My Great-Grandfather, Ben Casey, served in the 3rd NC Heavy Artillery during the Civil War. He was from Indian Springs, NC in Wayne County. He enlisted in 1862 and was stationed at Southport, NC where he served as a boatman – one of a crew that rowed between forts and ships at the mouth of the Cape Fear River. He spent most of the war there, but was also in the Battle of Honey Hill, SC.

He was captured at Fort Fisher, and was evacuated to Point Lookout, MD. From there he was taken by train with others to Elmira, NY. He survived extreme exposure, malnutrition, and disease in a camp where 3,000 prisoners died in less than a year. He took the oath and was released in June, 1865. He and 72 other frail prisoners were put-out and left to their own devices to get home. They walked back to NC. 48 of them died on the way home.

According to my Grandmother – who knew him quite well – when he returned home, he weighed under 100 pounds. This was remarkable because he was actually considered to be a large man – part of the reason he was a boatman. His mother made him undress and take a bath in the yard, while they burned his clothes and cut his hair to kill the lice.
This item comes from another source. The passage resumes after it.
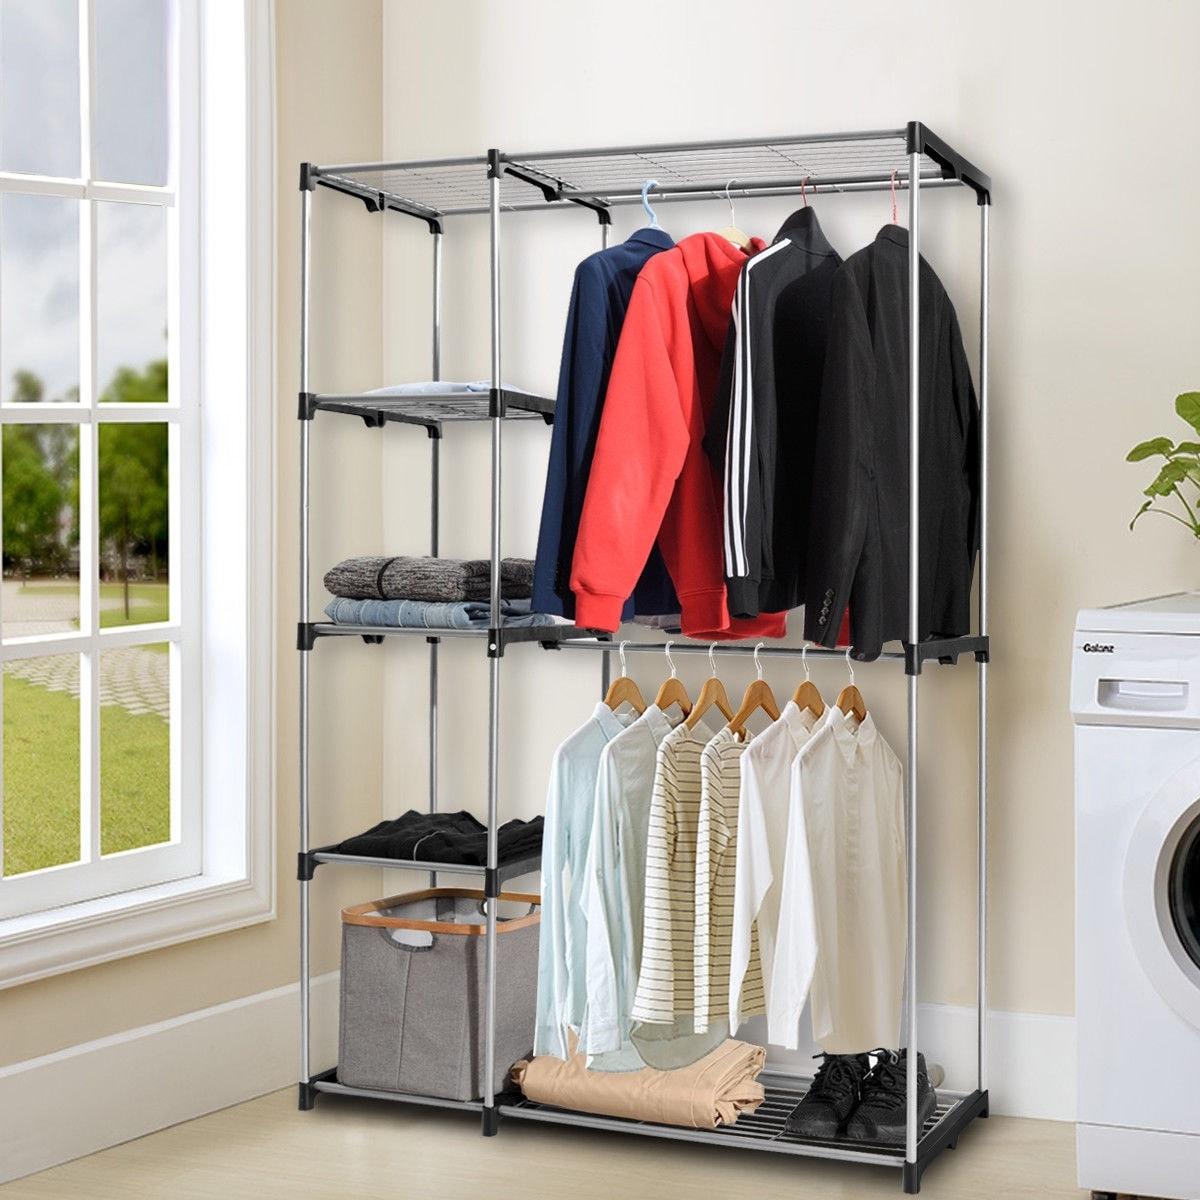 Gymax Closet Organizer Garment Rack Portable Clothes Hanger Storage Rack Home Shelf As Pic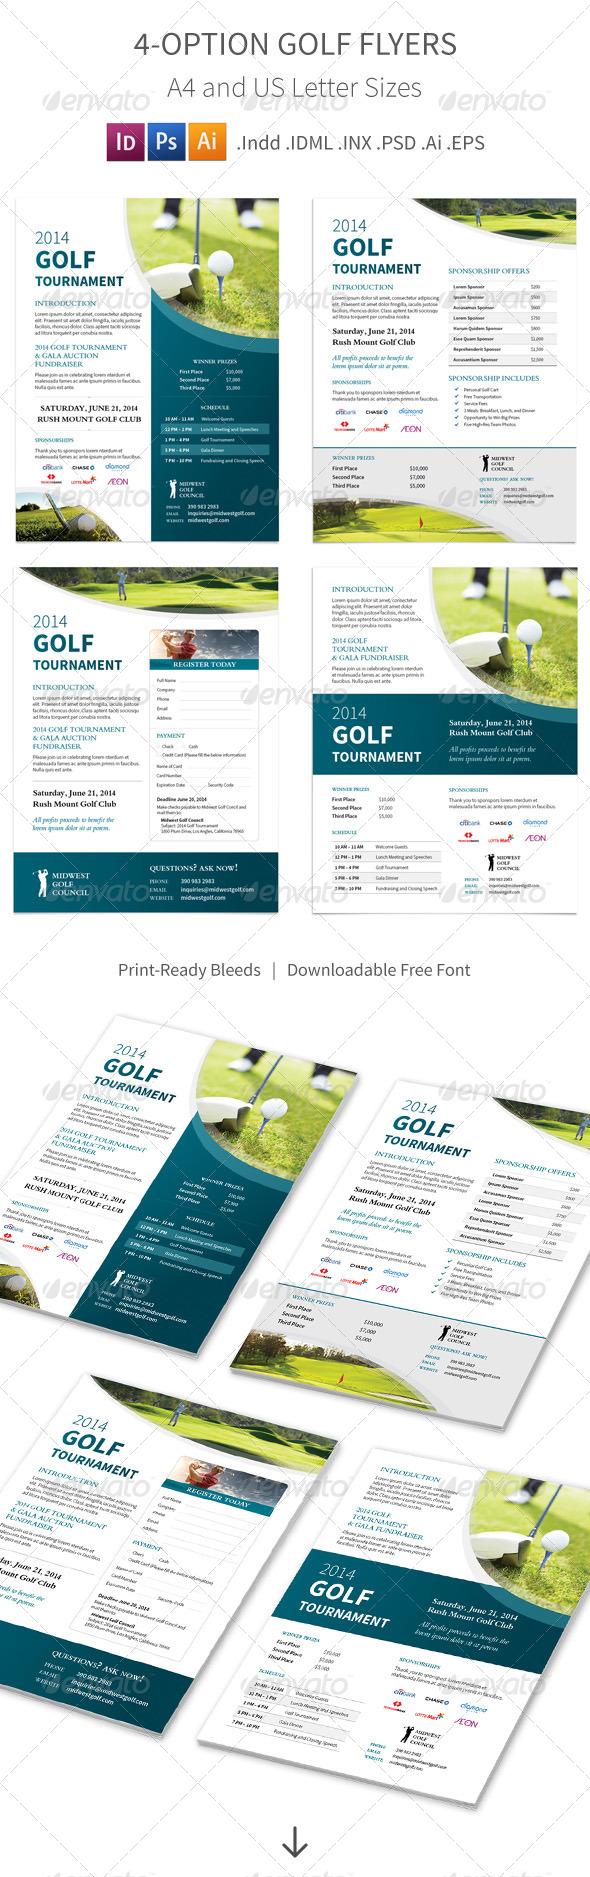 GraphicRiver Golf Tournament Flyers 4 Options 8503591

He recovered, and lived to be an old man. Grandmother remembered him coming to her grade-school class to talk about the Battle of Fort Fisher – and him using his cane like a rifle to reenact his stories.

I heard two of these stories from my Grandmother. The first was about sitting down for breakfast the morning of the surrender of Fort Fisher. The Union soldiers had not eaten for many hours. He remarked that it was strange for the fighting to suddenly end, and then everyone immediately started cooking breakfast. Then, exhausted Confederate and Union soldiers sat down and ate together.

The second was that during breakfast the fort’s magazine exploded and several men were killed. Confederate prisoners were made to locate and dig-up mines around the fort.

Casey is a common name in eastern Wayne County. In my research, I have found literally dozens of Ben Casey’s, including a few buried in the Confederate Cemetery in Elmira. I have some photos of him later in life, but none from the Civil War.